I have been fortunate that she isn't afraid to use an adult toilet so we have been fine with going out, but she isn't very vocal yet (we are working on more than one language) so she isn't yet able to express when she needs to go other than whining perhaps. One fun tip: if you are out and the toilets are those automatic flushing kind, just put something over the sensor until your child is done (a piece of clothing works easily enough).

I've decided not to work on the nighttime "training" until after she is is two and we have totally mastered the daytime training.

Things I like about the program:

  • The only prize for using the toilet is the natural consequence of using the toilet - a dry bottom. There is no candies, stickers, or other such things.
  • The program is also natural in that it mostly just "happens" - specifically, I have heard of other systems where you literally are following the kid around for a few days and constantly talking about using the toilet.
  • The window of time is reasonable: 6 weeks- 3 months. I know we all want our kids to be super stars at everything but my daughter is finally pretty much getting it and we are at 3 months.
  • Rosemond provides a couple other useful strategies for parents, especially for parents of children who are older than the ideal window of 18-24 months and whose children are now rebelling against the idea of using the toilet.

Issues with N75

In general, I have to say that I like this program. I also like how Rosemond addresses people like me, micro-managers, and gives us tips for how to use the program without stressing about it- which is key. Many people I am sure have had complete success with this program, but here are some issues I had.
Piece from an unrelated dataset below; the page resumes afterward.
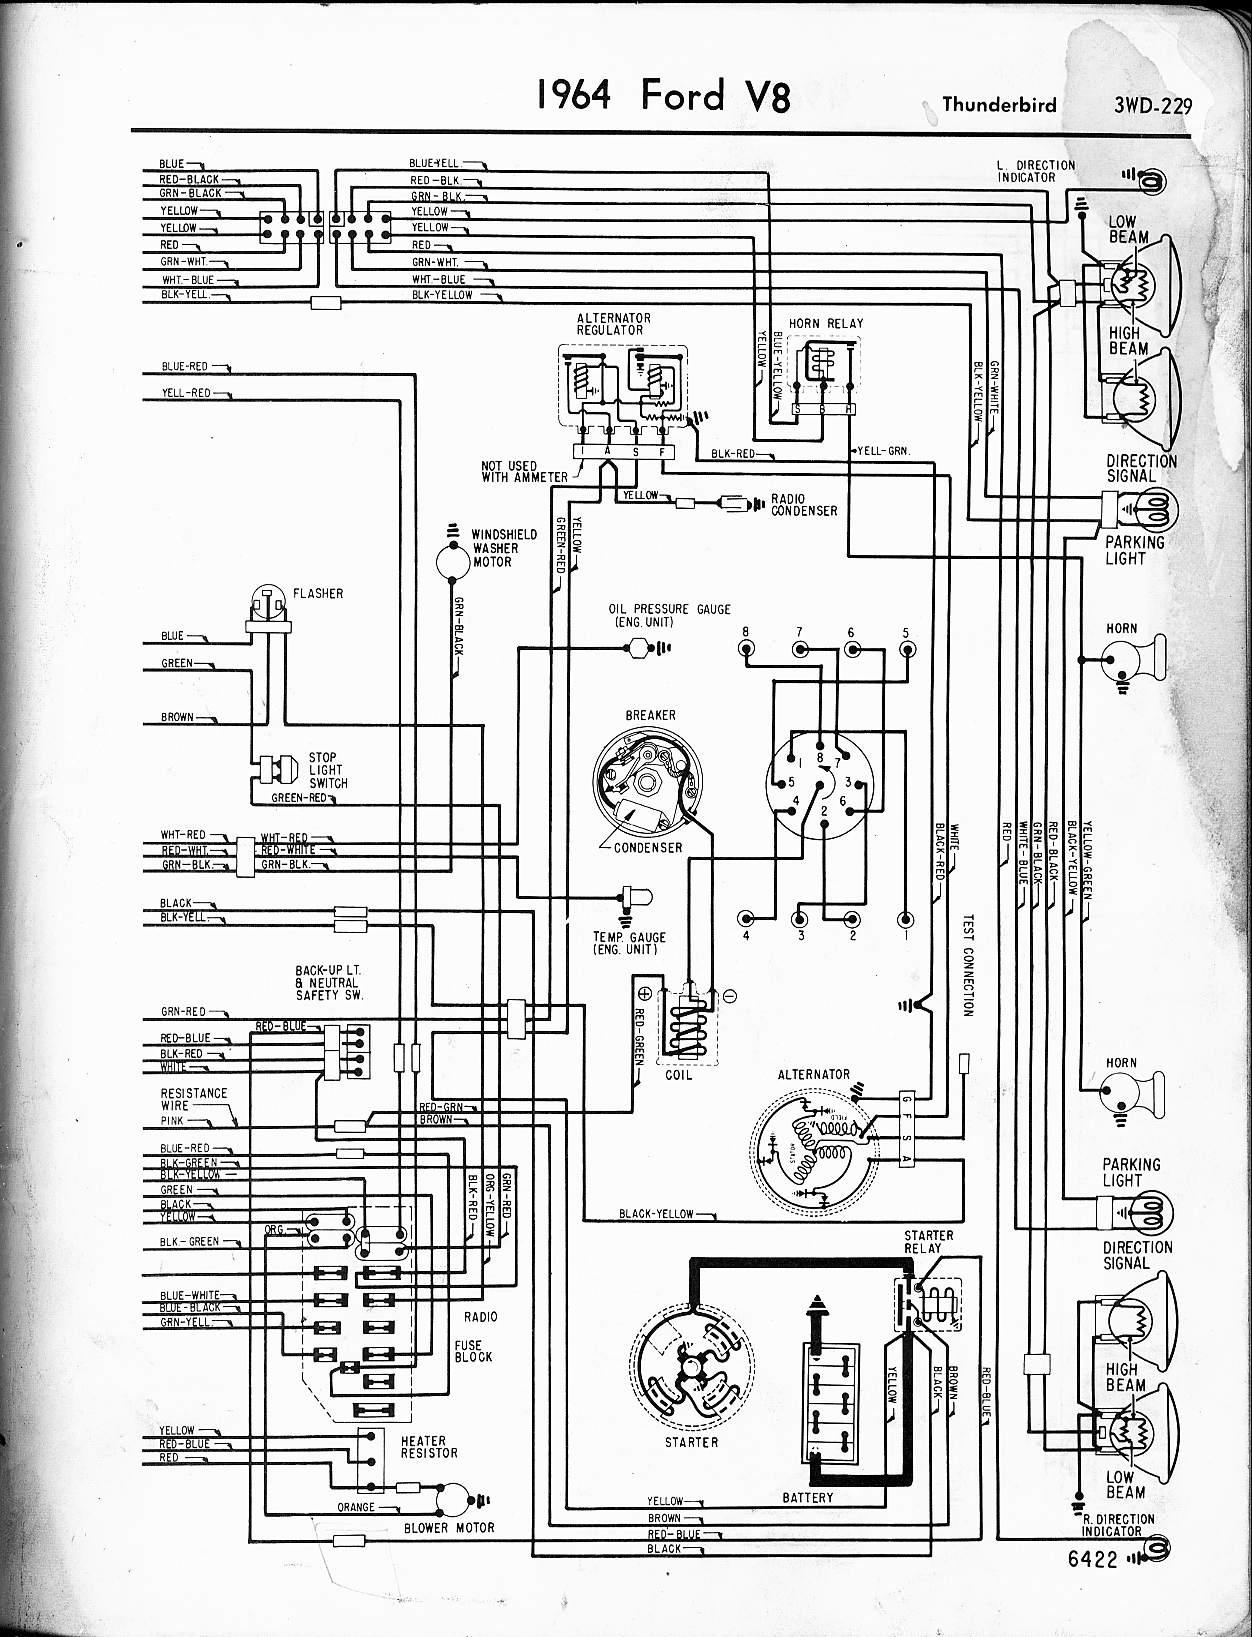 Super 1964 Ford Thunderbird Wiring Wiring Diagram Wiring Cloud Uslyletkolfr09Org

  • One key element is that the child be naked and that toilet training occur when the child is 18-24 months. I know this is a 6 month window but we cut it kind of close in our slightly cold climate here in Nebraska. Also, being naked is difficult with a child with eczema - we really had to step up our "no scratching!" and lotioning game.
  • Our daughter seemed to get the concept somewhat quickly (i.e. 8 weeks) and had a whole week of no accidents. I was about ready to call it done when she started having daily accidents again. Rosemond doesn't really address how to deal with a child who clearly knows what to do but chooses not to do it.
  • Although Rosemond suggests starting children at 18 months, he often seems to assume that children at 18 months can do more than my child can. For example, my child cannot tell me when she needs to use the restroom, but she can go over to it and use it on her own. I think he should emphasize the importance of some kind of potty signal or getting the child to say the word potty when they need to use the bathroom which would help further down the line.
  • Rosemond describes how to help children being nighttime toilet trained, but again, seems to base the strategy on what older children too. For example, Rosemond says that you should keep a towel near the child's bed and train them to dry themselves off if they have an accident at night. I doubt my 23 month old could do this (or 21 month old if I had started earlier), and even if she could, he never mentions how she is supposed to be able to see well enough to get up and grab a towel.
  • I'm going to have to spend a lot more than $75 to clean my carpets.